Return the data below unaltered, but strip out the pictures.

Top of SUPPLIED DATA

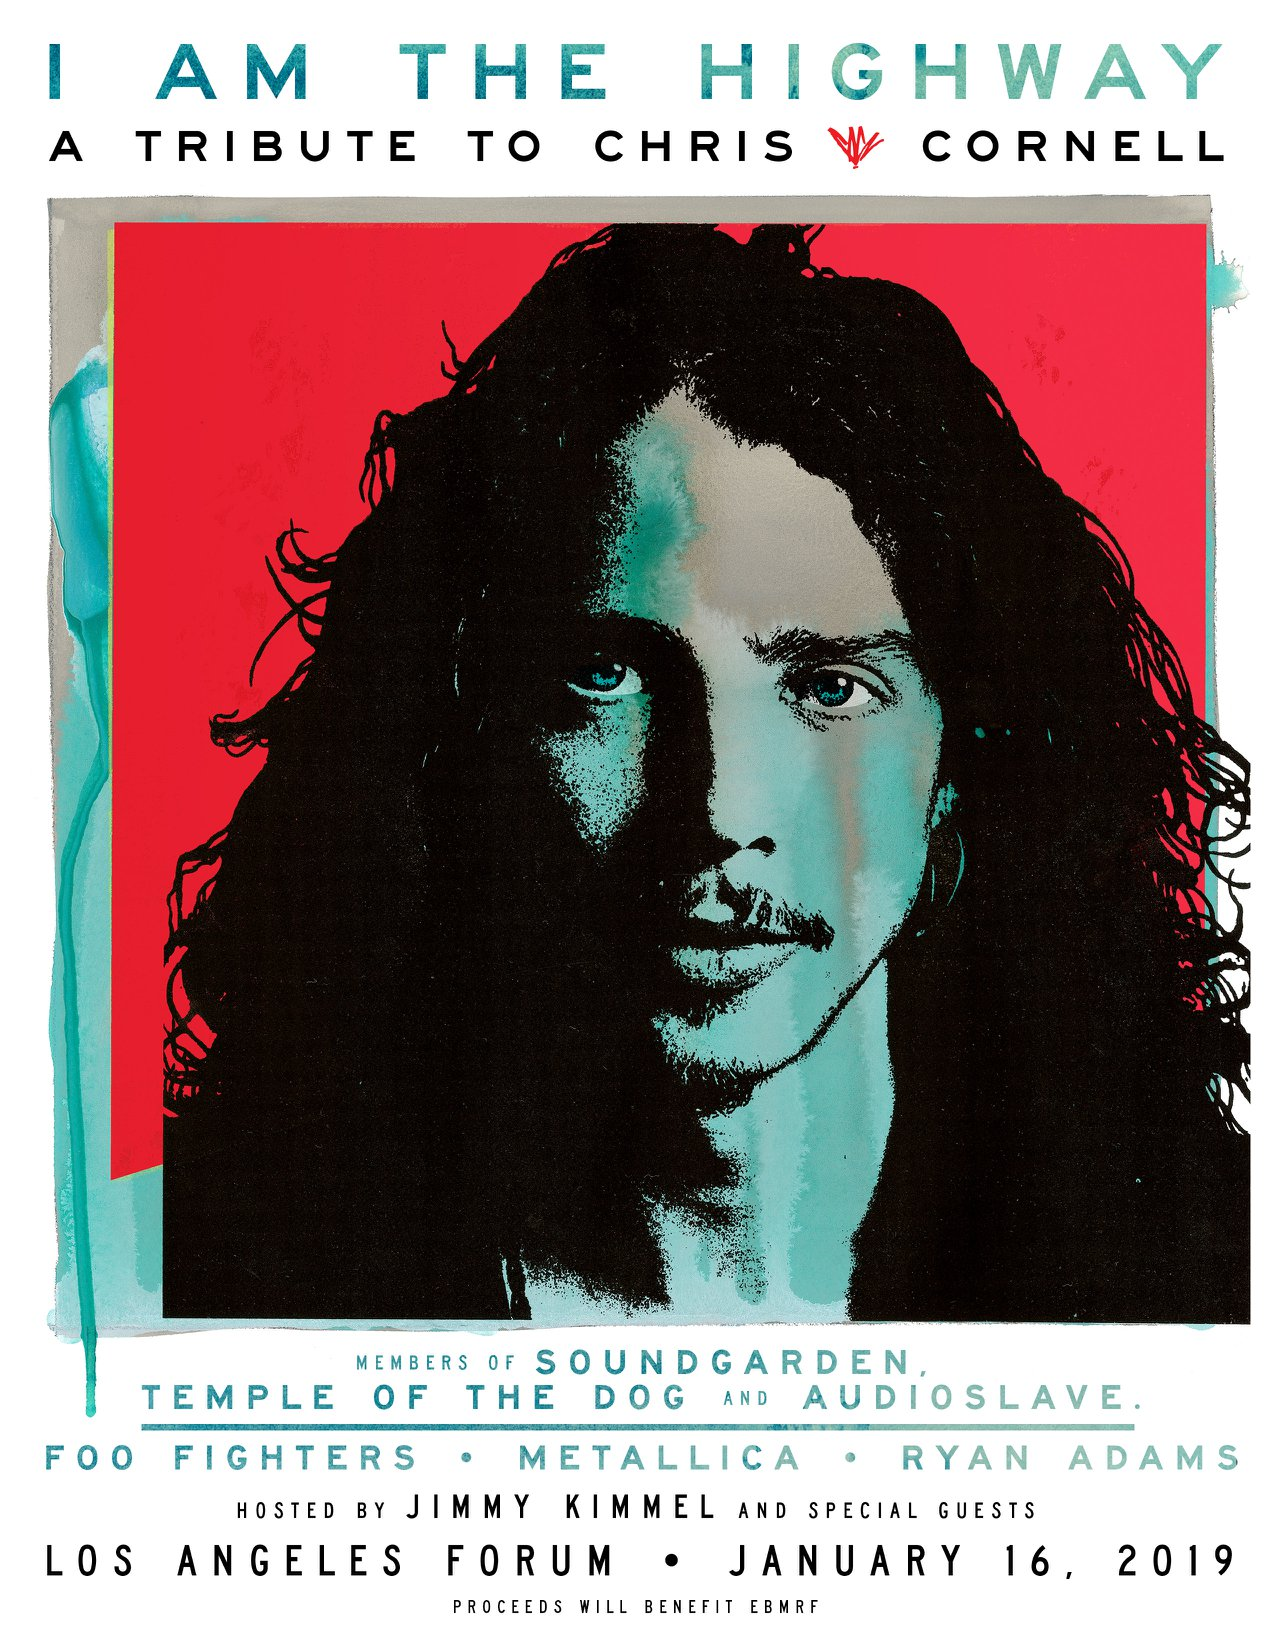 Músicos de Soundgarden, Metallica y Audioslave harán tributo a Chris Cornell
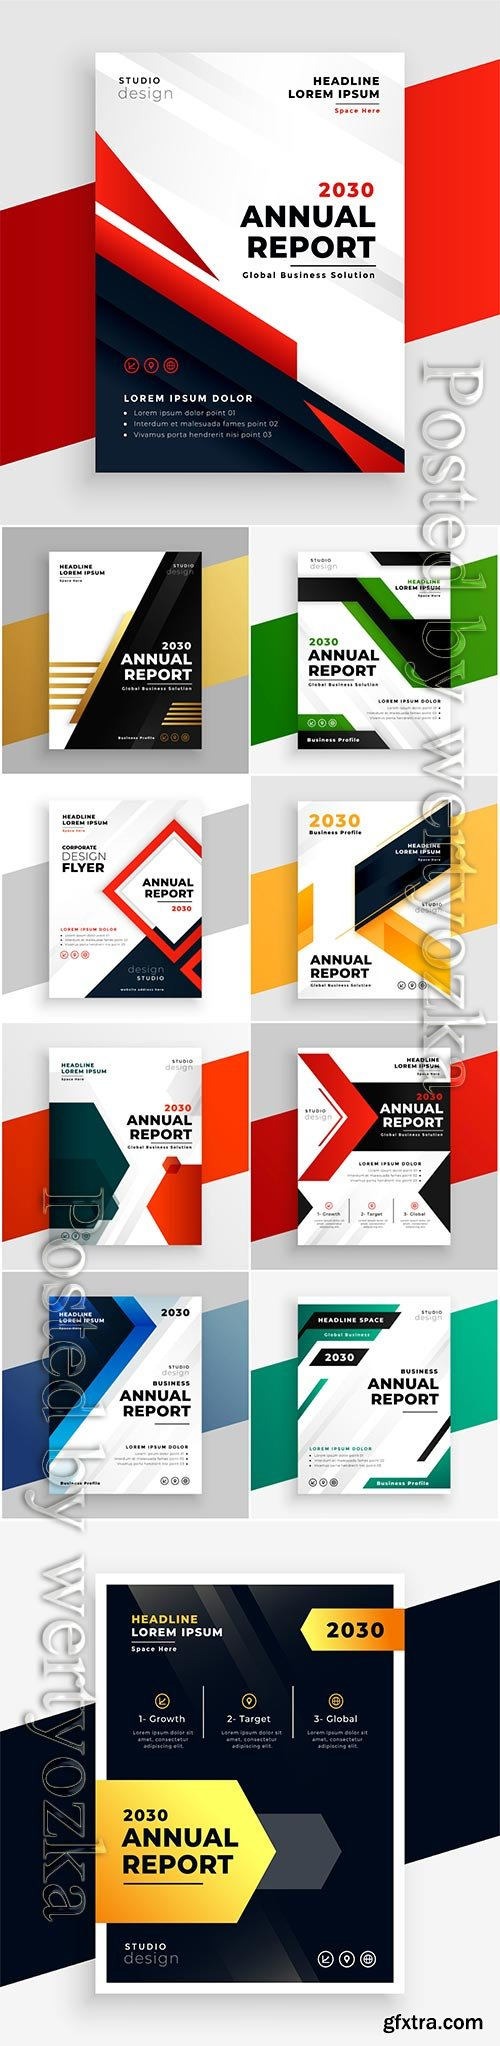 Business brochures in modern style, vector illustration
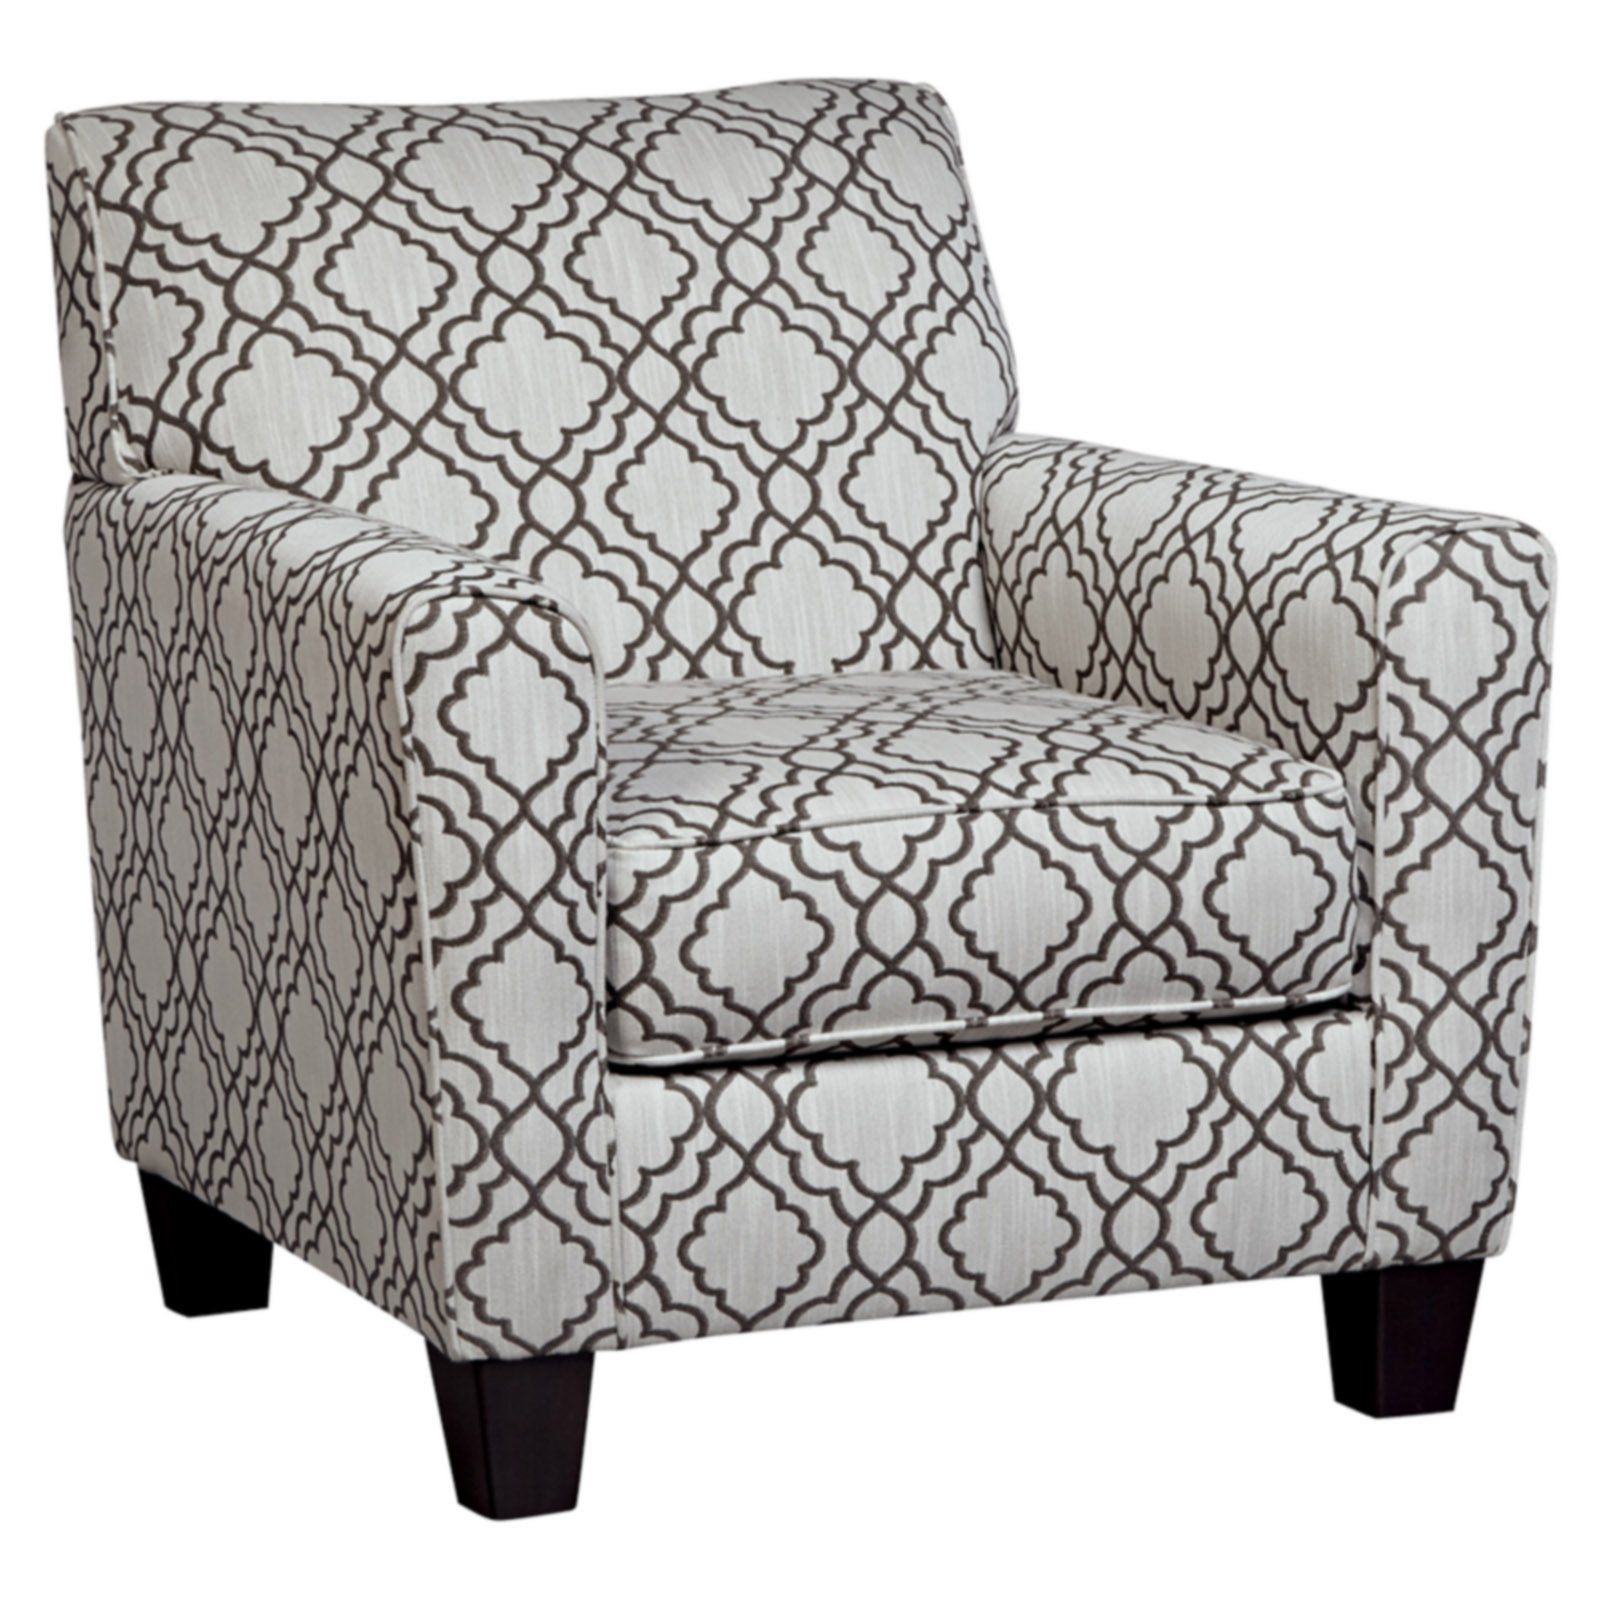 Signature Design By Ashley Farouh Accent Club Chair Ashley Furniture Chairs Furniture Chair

Bottom of SUPPLIED DATA

**THE ANSWER:**
 Músicos de Soundgarden, Metallica y Audioslave harán tributo a Chris Cornell
 Business brochures in modern style, vector illustration
 Signature Design By Ashley Farouh Accent Club Chair Ashley Furniture Chairs Furniture Chair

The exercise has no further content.